THE RESPONSE OF THE MACAQUE TRACHEOBRONCHIAL EPITHELIUM TO ACUTE OZONE INJURY - A QUANTITATIVE ULTRASTRUCTURAL AND AUTORADIOGRAPHIC STUDY

Abstract

The tracheal epithelium of a variety of laboratory species is widely used as a model system in studies of epithelial biology and respiratory carcinogenesis. The response of the tracheal epithelium to cytotoxic injury was evaluated in a primate species that may have an epithelium more representative of that in man than smaller laboratory species.

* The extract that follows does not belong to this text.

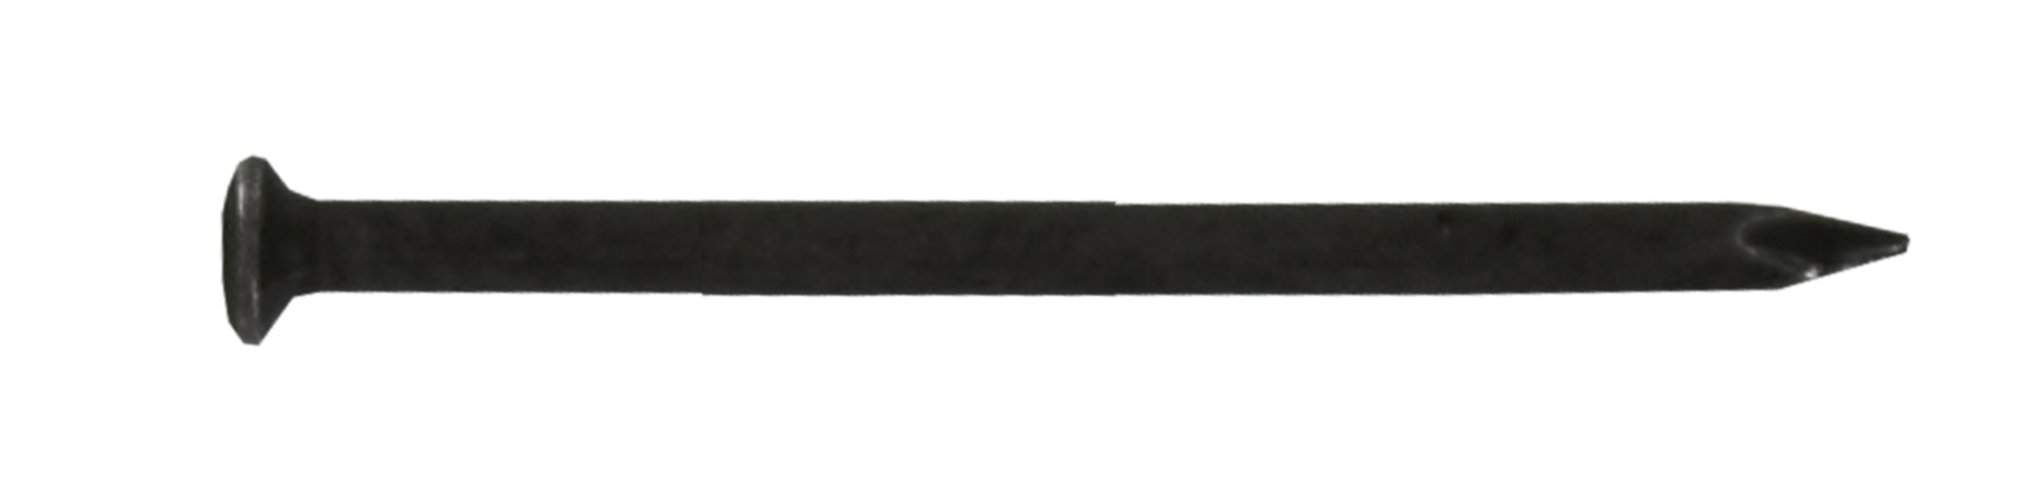 Rundkopfspitze gehärteter Stahl 2x30mm, Beutel mit 80<span class='notranslate' data-dgexclude>Gramm</span>.
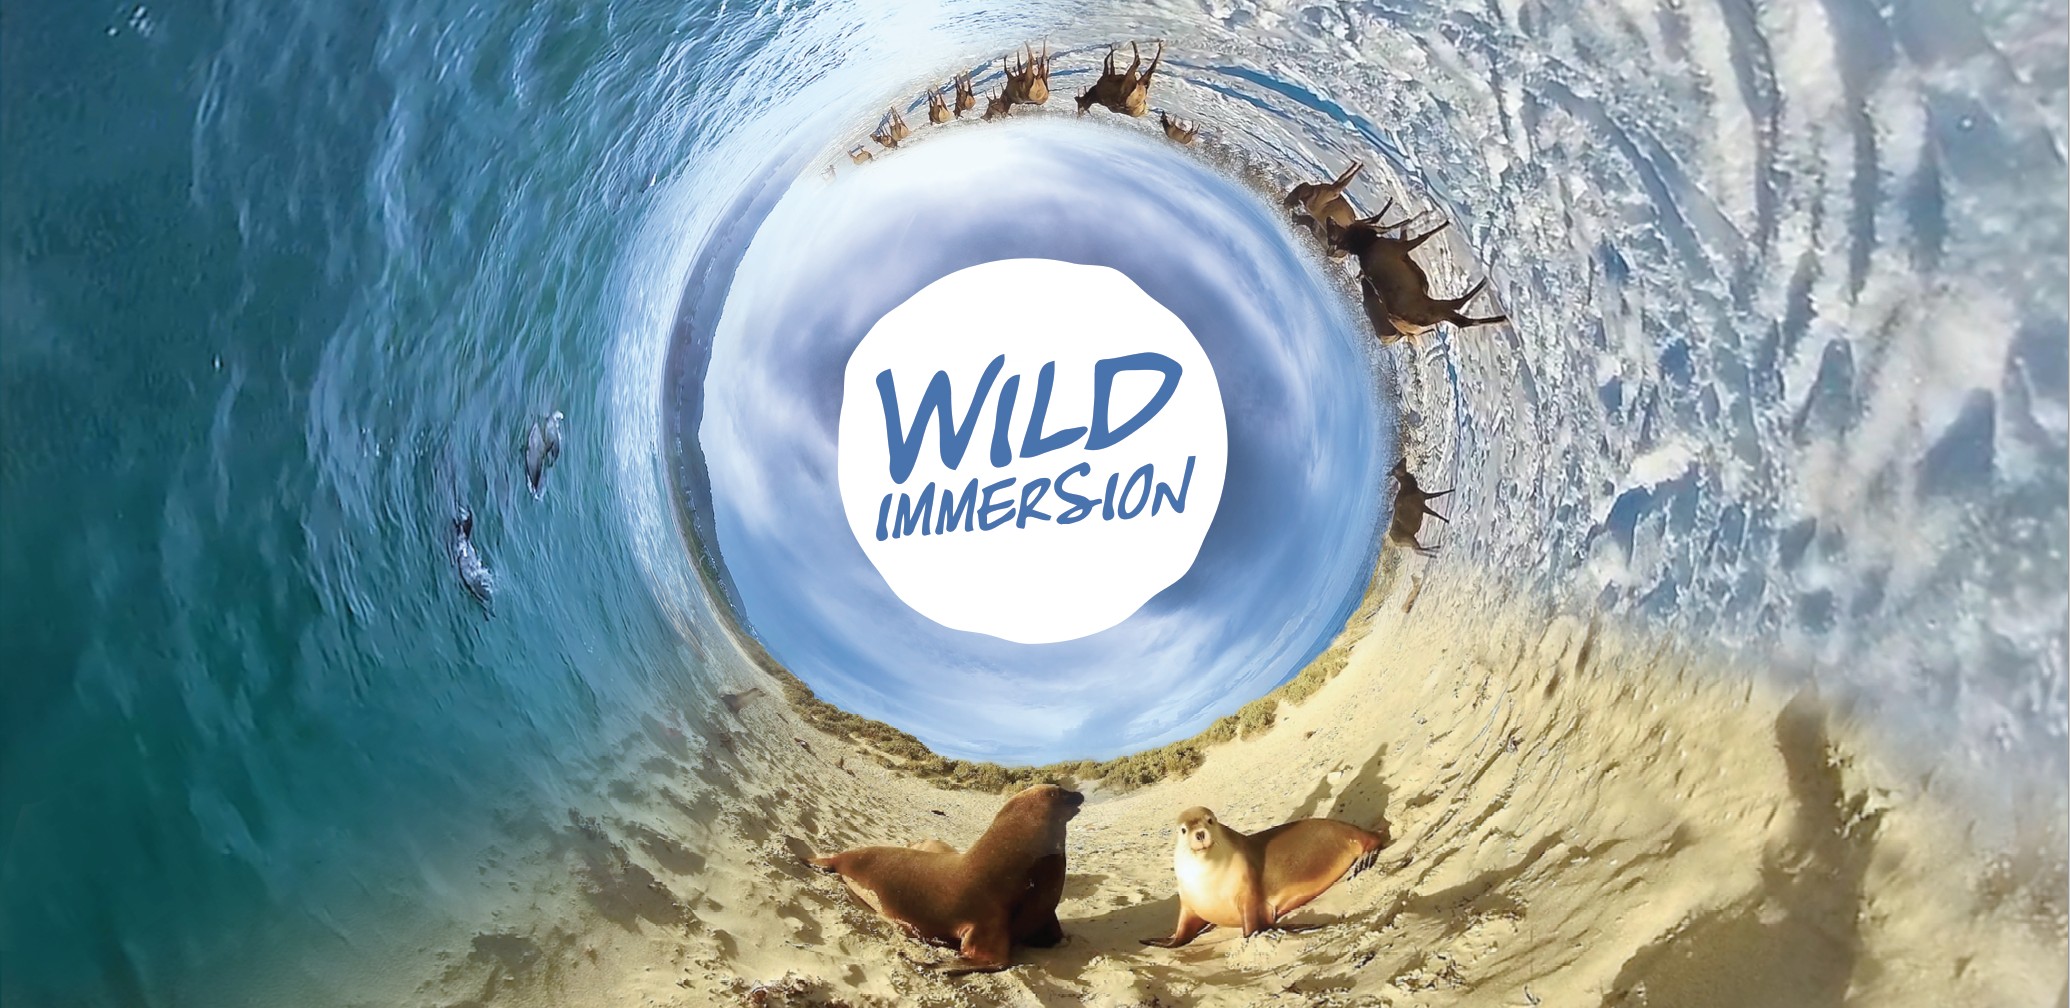 升旗山 Wild Immersion VR虛擬實境體驗

This study evaluated changes in the light-microscopic, surface and ultrastructural appearance of the tracheobronchial epithelium of bonnet monkeys exposed for 3 or 7 days to 0.64 ppm ozone. Population densities, epithelial volumetric densities and thymidine labeling indexes were determined for cells from posterior membranous and anterior cartilaginous trachea and mainstem bronchus. Ozone-induced epithelial changes were characterized by decreased numbers of ciliated cells, loss of cilia and necrosis of ciliated cells. There were alterations in mucous (goblet) cell granules. There was an increase in extracellular space and focal epithelial stratification that was associated with increased numbers of small mucous granule cells and the presence of an epithelial cell type not seen in control animals (intermediate cells). There was an increase in cytoplasmic filaments and desmosomal attachments in basal cells, small mucous granule cells and intermediate cells. Regional differences in lesion distribution were demonstrated by scanning electron microscopy. Longitudinal streaks of ciliary loss were evident in posterior membranous trachea, but ciliary loss in the ventral trachea was most prominent over the posterior border of the cartilaginous rings. The thymidine labeling index and numbers of necrotic ciliated cells were greater after 3 days than after 7 days of continuous exposure. Foci of stratification were often associated with increased numbers of labeled nuclei in the suprabasal region of the epithelium. Small mucous granule cells and intermediate cells are important participants in the repair of chemically injured airway epithelium. Stratification and increased amounts of cytoplasmic filament bundles and desmosomal attachments, rather than being evidence of squamous metaplasia or dysplastic change, might be stereotypic responses of airway epithelium to injury; and the ciliated cell population becomes less susceptible to ozone-induced necrosis with continuing exposure.